» Material shown
──────────

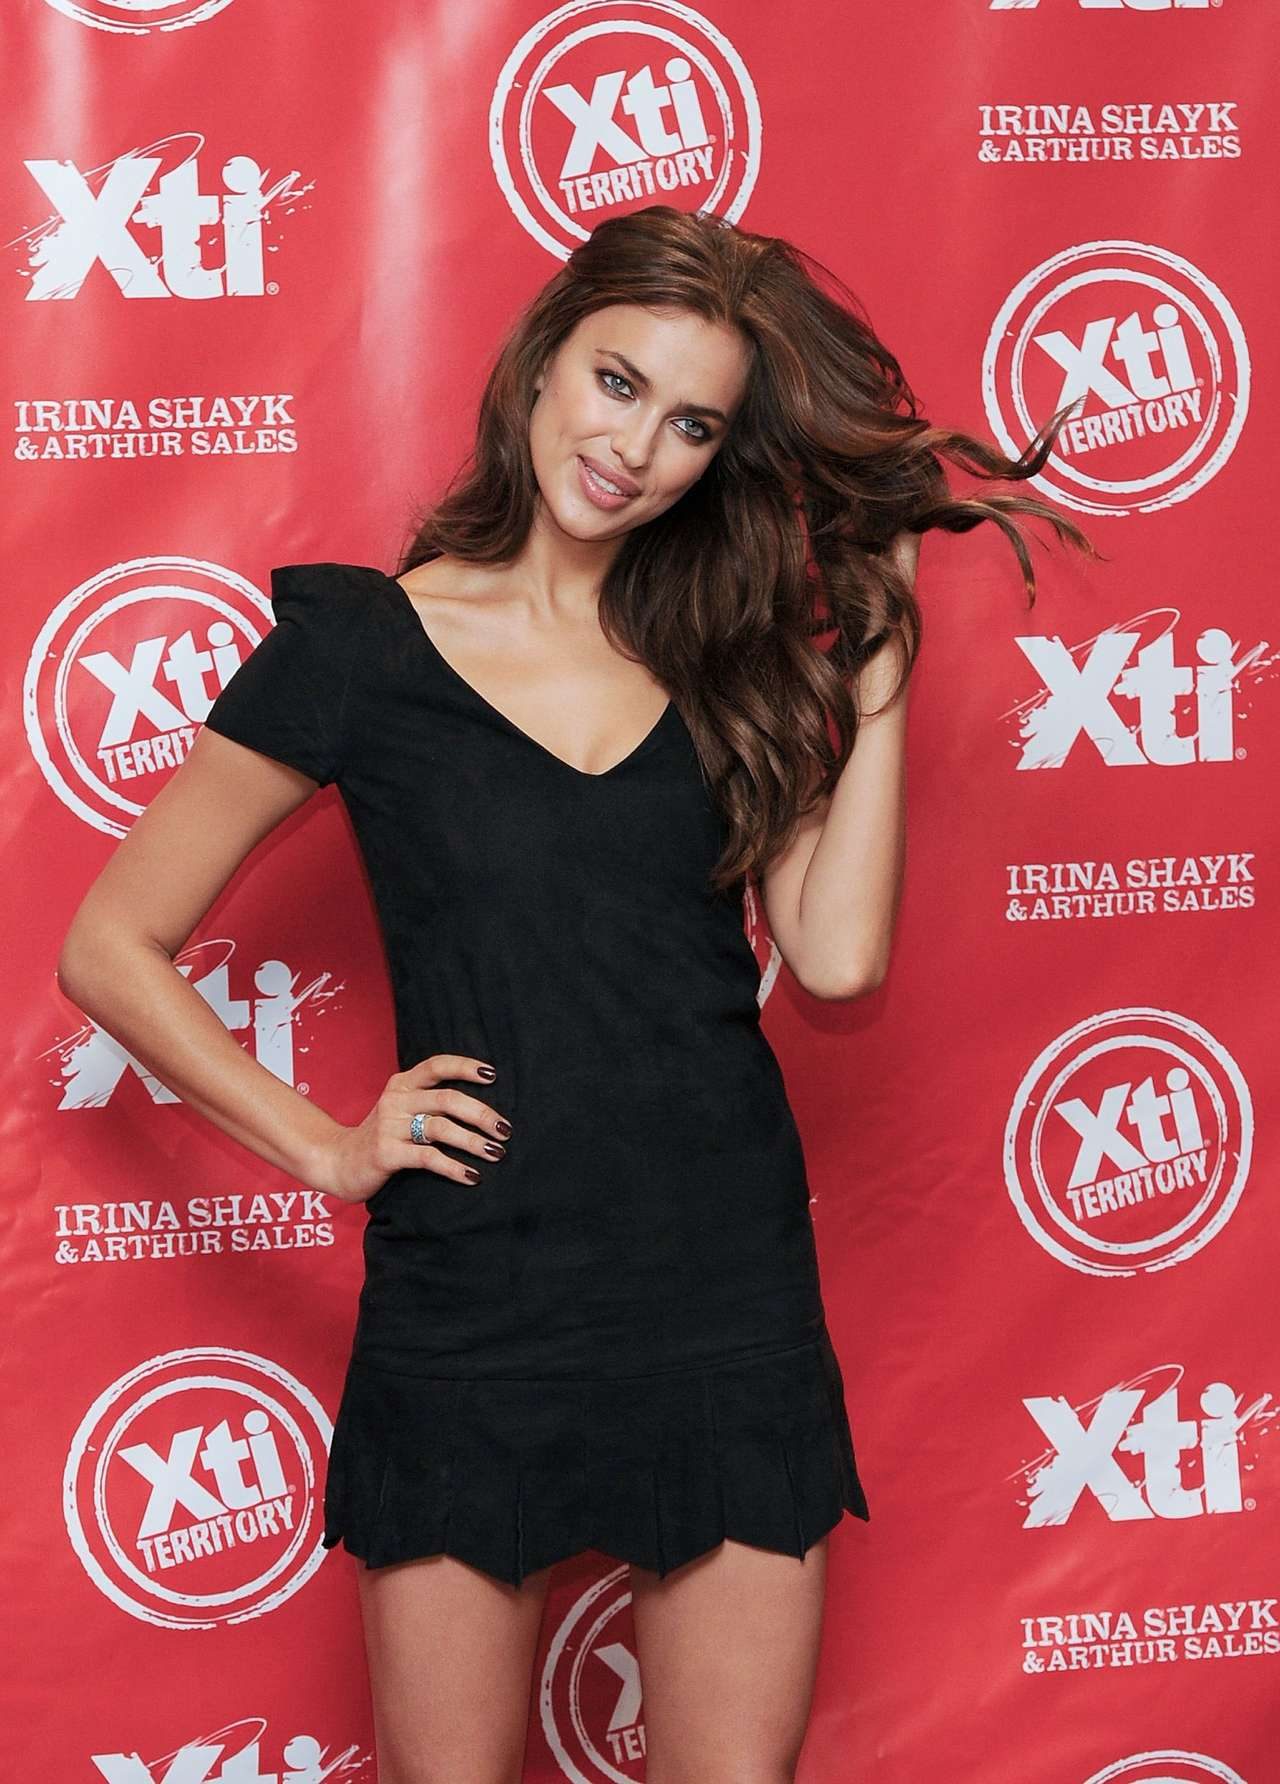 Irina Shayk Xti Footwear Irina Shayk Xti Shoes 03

──────────

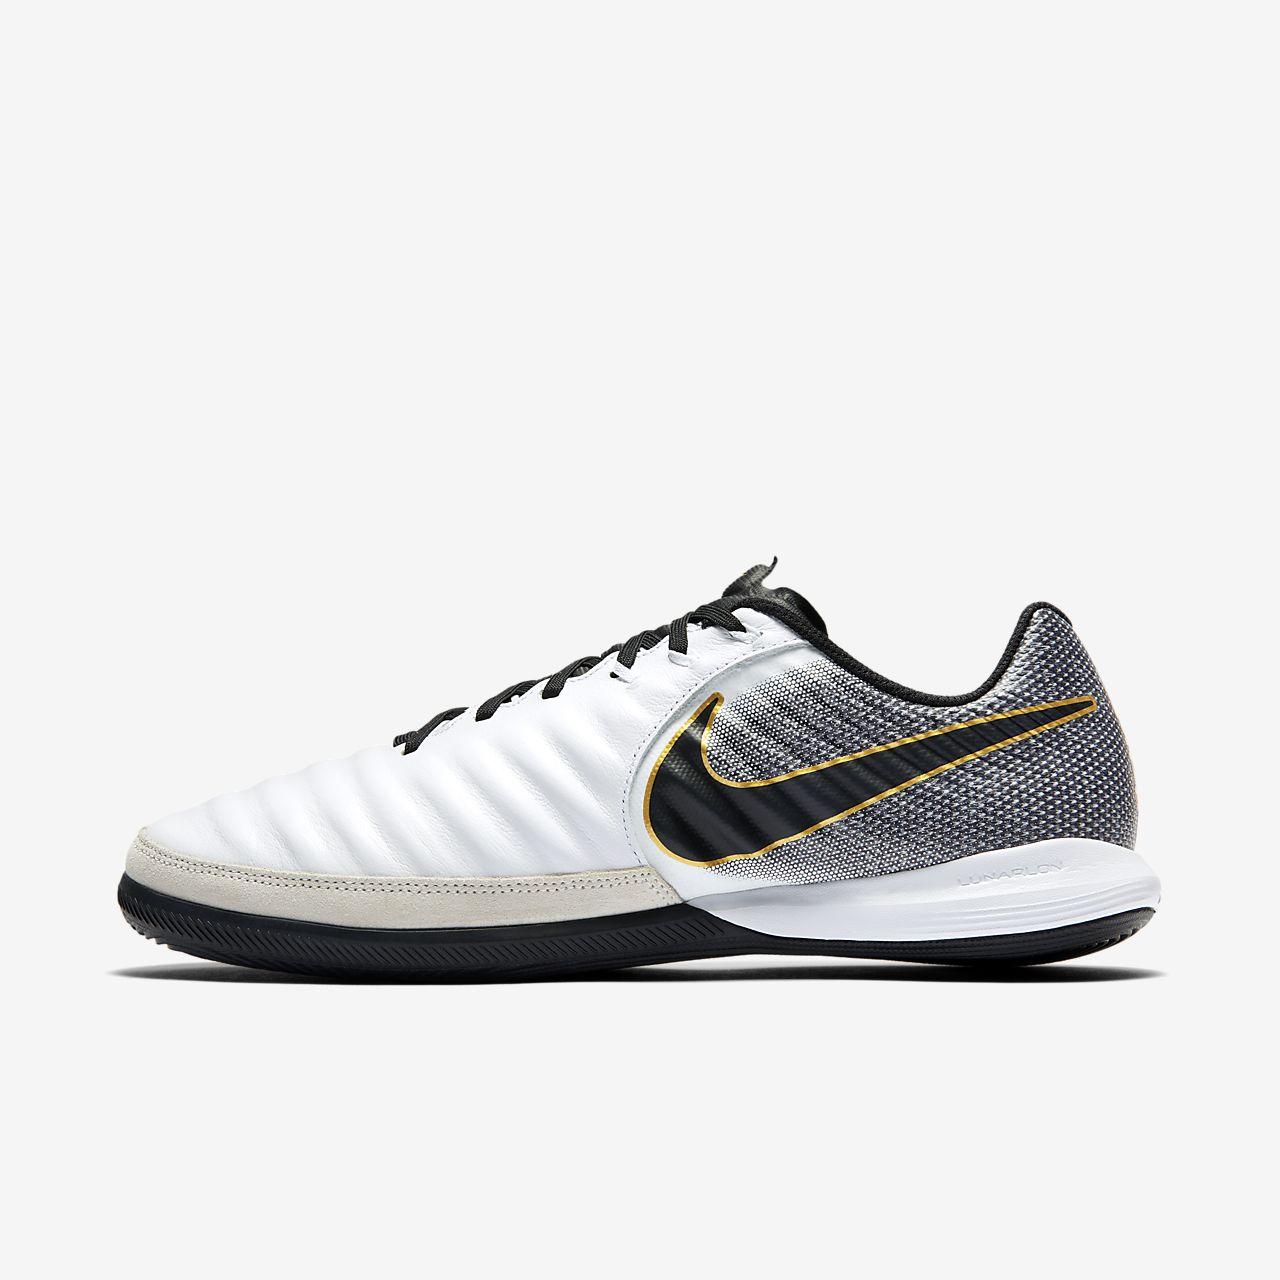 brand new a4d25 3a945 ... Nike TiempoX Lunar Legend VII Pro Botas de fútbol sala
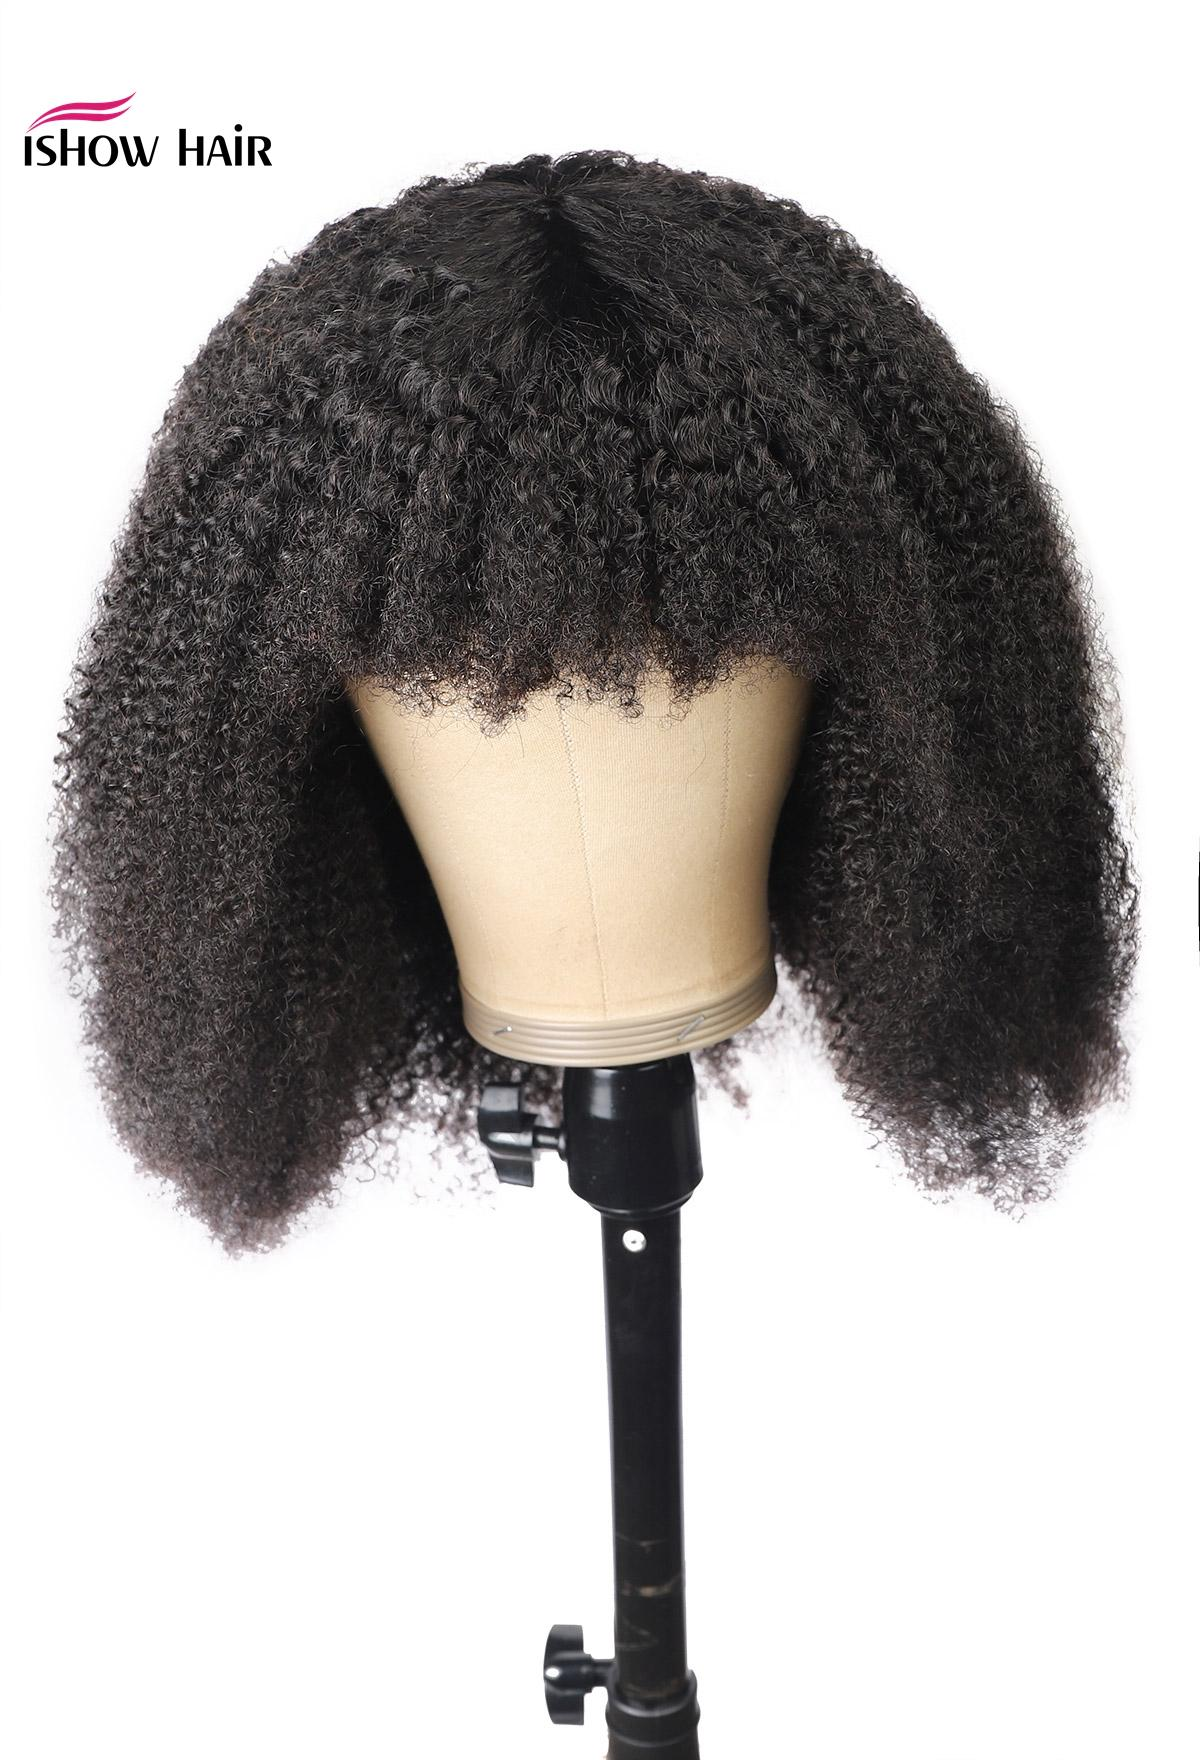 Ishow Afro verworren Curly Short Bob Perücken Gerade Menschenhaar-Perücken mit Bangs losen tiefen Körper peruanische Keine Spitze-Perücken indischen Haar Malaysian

──────────

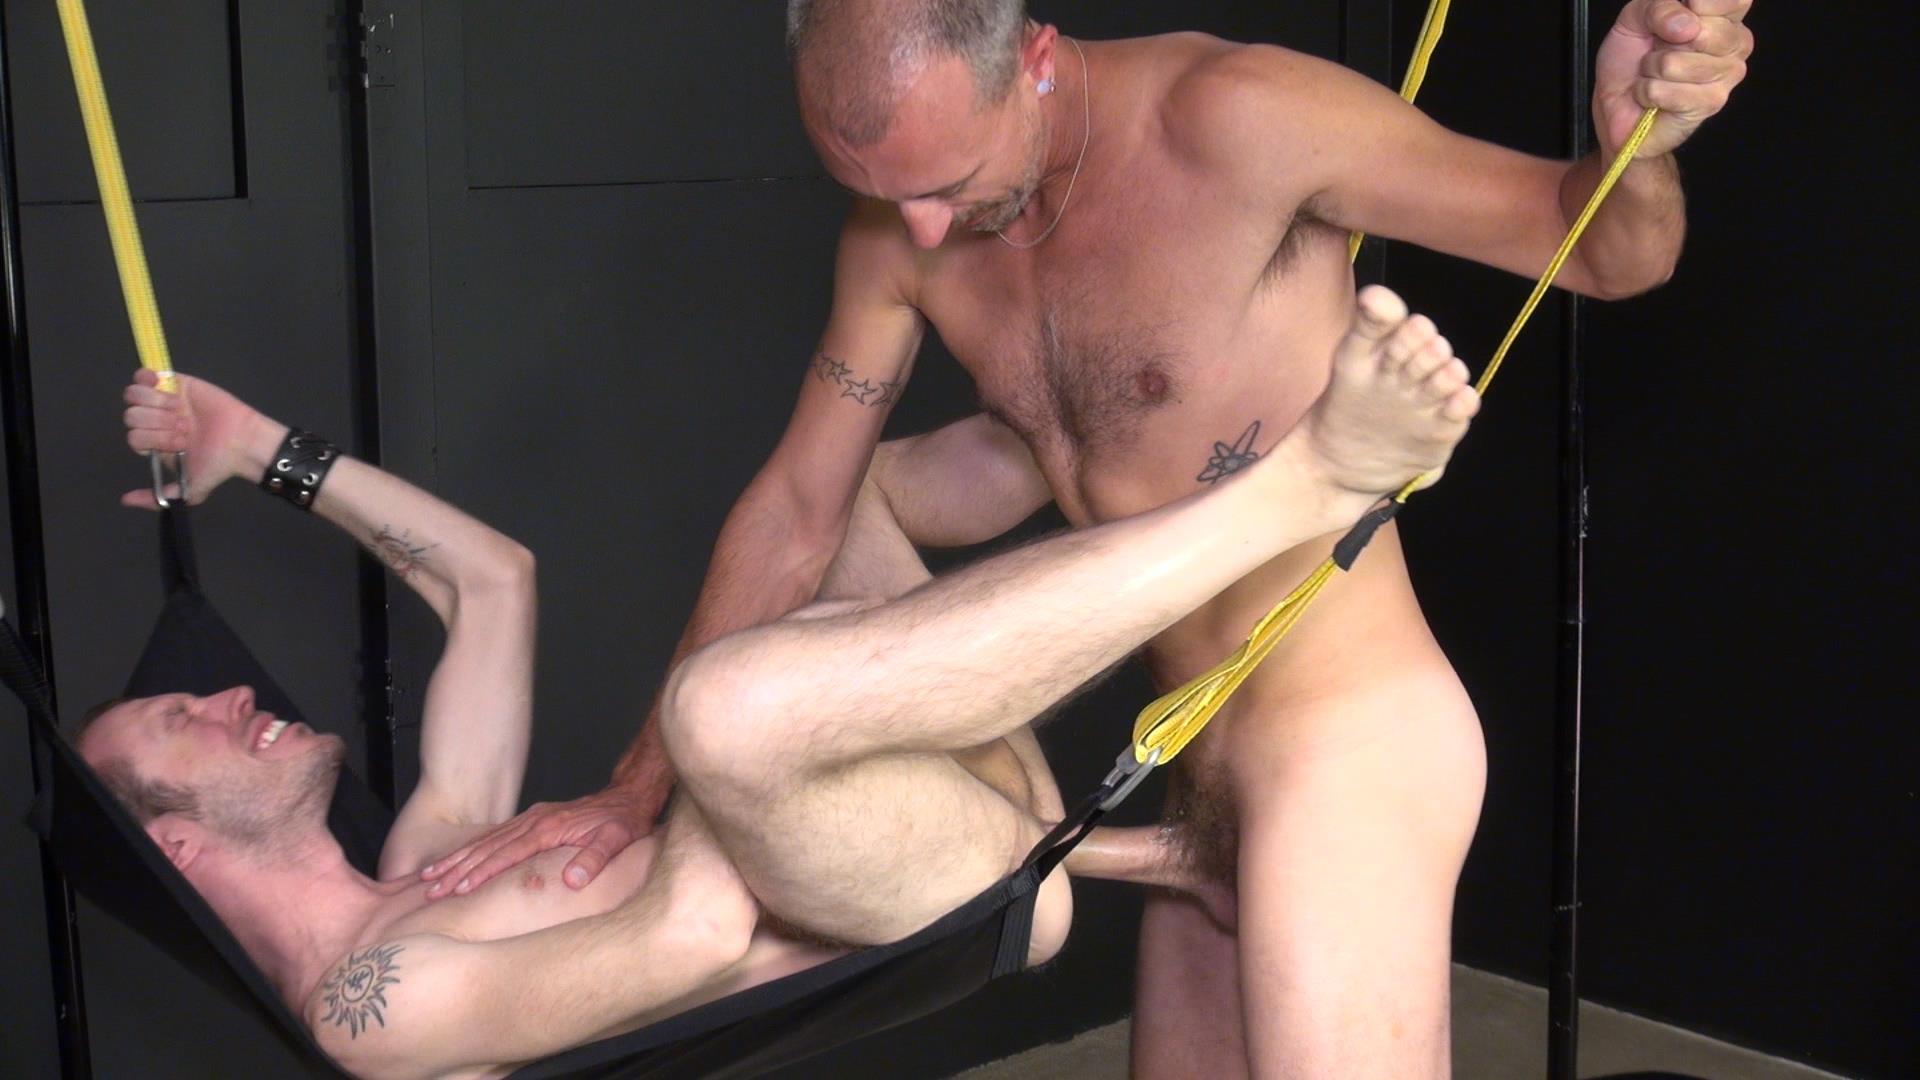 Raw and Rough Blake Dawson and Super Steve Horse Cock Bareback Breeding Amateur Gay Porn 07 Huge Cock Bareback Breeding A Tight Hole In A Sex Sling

──────────

» Task prompt
What is needed is an exact copy of only the lines above from the one with "brand new a4d25" to the one with "Ishow Afro verworren", both kept, with every picture left out.

» Task solution
 brand new a4d25 3a945 ... Nike TiempoX Lunar Legend VII Pro Botas de fútbol sala
 Ishow Afro verworren Curly Short Bob Perücken Gerade Menschenhaar-Perücken mit Bangs losen tiefen Körper peruanische Keine Spitze-Perücken indischen Haar Malaysian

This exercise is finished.